A nivel colectivo, la conciencia del mundo más allá de Europa empieza a detectarse en las
historias escritas. Sin duda, los descubrimientos geográficos incidieron en la imaginación de
los europeos. Los relatos y testimonios de viajeros a lo largo del siglo XVI ensancharon su
horizonte. A finales de ese siglo, numerosas imágenes visuales se difundían, los grabados y
las ilustraciones familiarizaban a los europeos, a través de los estereotipos clásicos, con los
lugares exóticos y sus habitantes. La reflexión sobre lo que significaba ser europeo también
tuvo lugar en las fronteras.

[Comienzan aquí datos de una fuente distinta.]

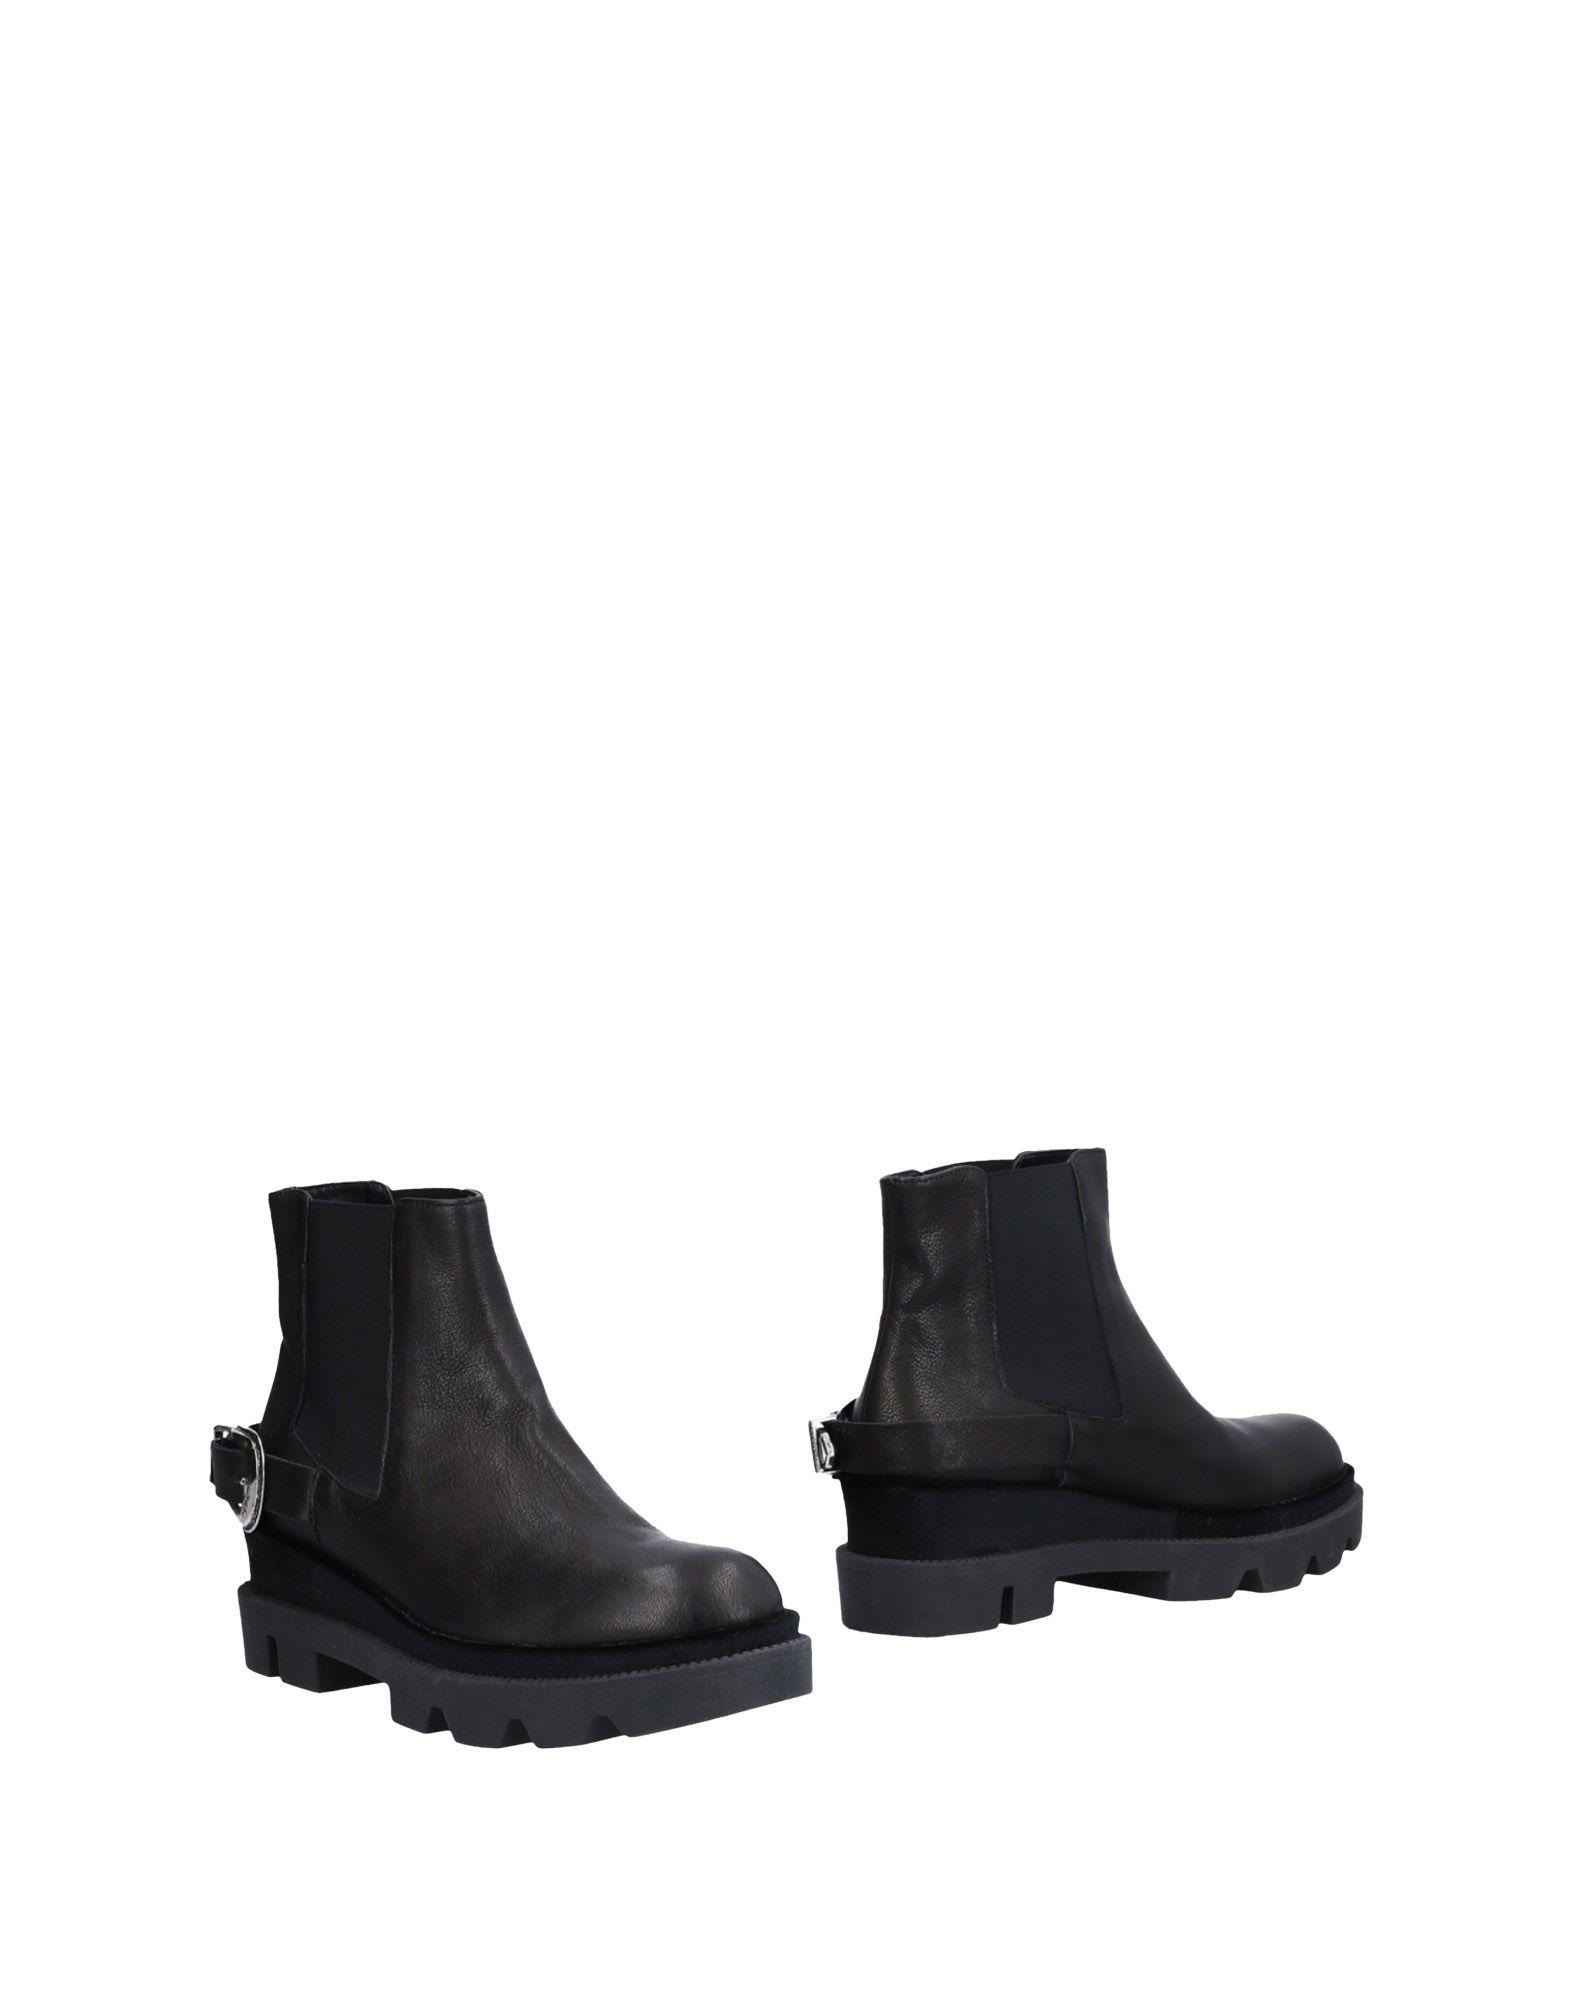 Stilvolle billige Schuhe Tipe E Tacchi 11490477DB Chelsea Boots Damen  11490477DB Tacchi 2ea134

Así, la amenaza de la invasión turca en las décadas de 1450 y
1520 alentó la solidaridad europea, esto, sumado a la invasión del Nuevo Mundo resultaron
sucesos fundamentales para estimular la conciencia de la identidad europea.
¿Cuándo acabó el Renacimiento? En la parte final Burke aborda este controvertido asunto.
Su teoría apunta al principio del sigo XVII con la revolución científica y el surgimiento del
Barroco, aunque señala que en algunos campos las prácticas renacentistas persistieron.
Observa cómo la “marchitación” del movimiento se reflejaba en las fuentes escritas. Estas
mencionaban “nuevos mundos, nuevas estrellas, nuevos sistemas, nuevas naciones”, dejando
atrás la idea de renacer y librándose del modelo de la Antigüedad.

Galileo y Descartes encarnaron esta ruptura con lo anterior; ambos desecharon la primacía de
los Antiguos, que habían sido el modelo de los humanistas renacentistas. La razón, encarnada
en las matemáticas y en la geometría, ganó prestigio intelectual ante la Antigüedad,
colaborando en la desintegración de este movimiento.

Sin duda, esta obra destaca dentro de la numerosa bibliografía existente sobre el
Renacimiento por la visión global que ofrece de este acontecimiento tan determinante para la
historia de Occidente. El autor no limita su investigación a los centros culturales potentes del
momento, Italia, Francia y Flandes, sino que la expande para mostrarnos el proceso por el
cual las nuevas ideas y formas culturales penetraron hasta las periferias del continente.
Adaptándose a cada contexto concreto, este movimiento logró integrar los nuevos elementos
culturales en la vida cotidiana de esos países, contribuyendo con ello a «europeizar» Europa.